The Appellants' ground 2 says
that the learned trial Judge
having given an earlier Ruling
on the 4th June 2002 and
ordering the Plaintiffs to bring
the action in compliance with
the appropriate rules of law and
therefore declined to grant an
Application for Interim
Injunction and Appointment of
Receiver and Manager, it was
untenable for her to have
refused the Defendant's
application.
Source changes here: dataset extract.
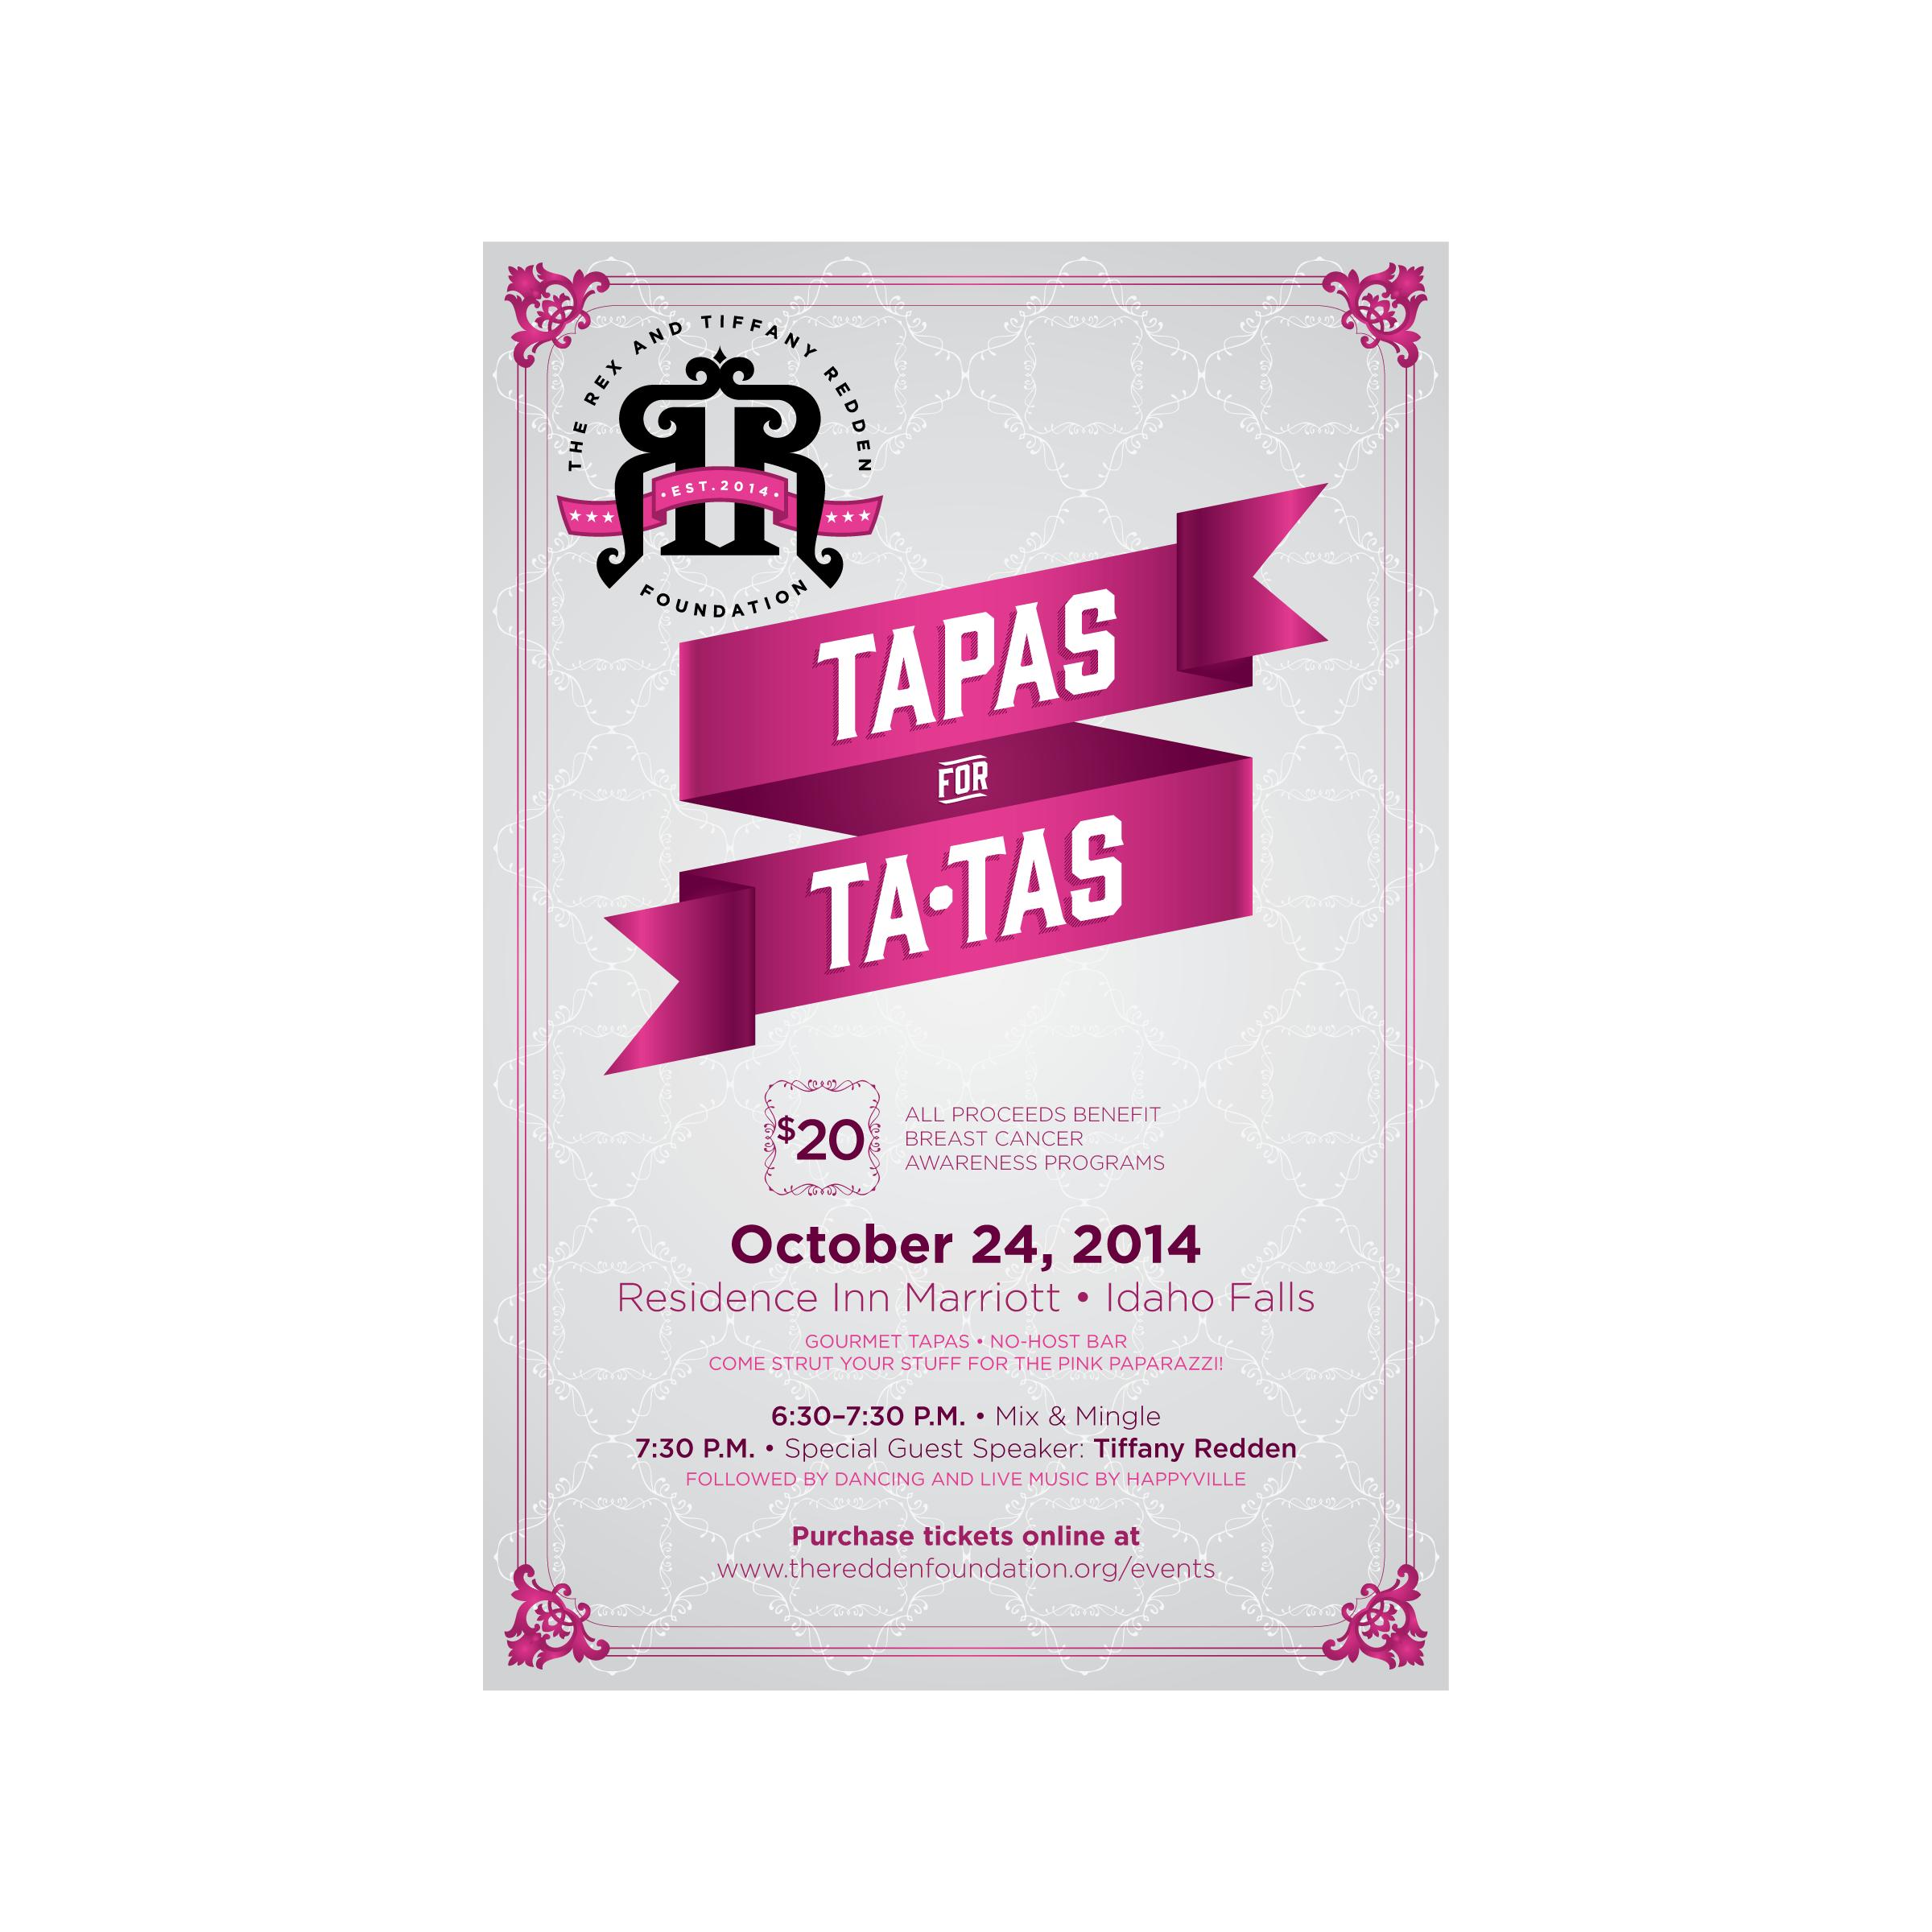 RTRF_TapasInvite.png

I must say that I
am in entire agreement that it
was untenable for the learned
trial Judge to have refused the
Defendant's application in the
light of her earlier Ruling.
In my respectful view it is
precisely because the learned
judge realised that the
Plaintiffs have proceeded
wrongfully that is why the
advice was tendered from the
Bench for the Plaintiffs to
bring their action in compliance
with the appropriate rules of
law. As I said earlier if
everything was alright with the
action brought by the Plaintiffs
the learned Judge's advice would
have been needless.
In my respectful view, the
effect of the trial learned
Judge's earlier Ruling on 4th
June 2002 is that the Plaintiffs
action is not maintainable. This
being the case, the trial
learned Judge erred in not
granting the Defendant's
application to dismiss the
Plaintiffs' action.
It is clear on the face of the
record that Defendant's Counsel
brought his application under
Order 25 rule 2 and not rule 4
as suggested by the trial Judge.
Ground 2 of the Appeal also
succeeds. The Appellant in his
written submission is asking
leave to argue Additional Ground
of Appeal that the action is
statue barred. I have not seen
any additional ground of Appeal
filed on record and therefore I
would ignore the submission on
this.
The Plaintiffs\Respondents have
woefully failed to comply with a
mandatory statutory condition
precedent to the commencement of
their action and therefore their
action is not maintainable and
indeed the whole proceeding
based on their action is thus a
nullity (see Mosi vrs. Bagyina,
1963, GLR 337 and the cases
cited therein).
I would allow the Appeal and set
aside the Ruling of the court
below dated 25th November 2002
and dismiss the action of the
Plaintiff.
[SGD.]
E. A. ADDO
JUSTICE OF APPEAL
I agree
F. M. LARTEY
JUSTICE OF APPEAL
I also agree
J. ANSAH
JUSTICE OF APPEAL
COUNSEL
S. H. ANNANCY FOR APPELLANT
ERIC NARH FOR RESPONDENTS.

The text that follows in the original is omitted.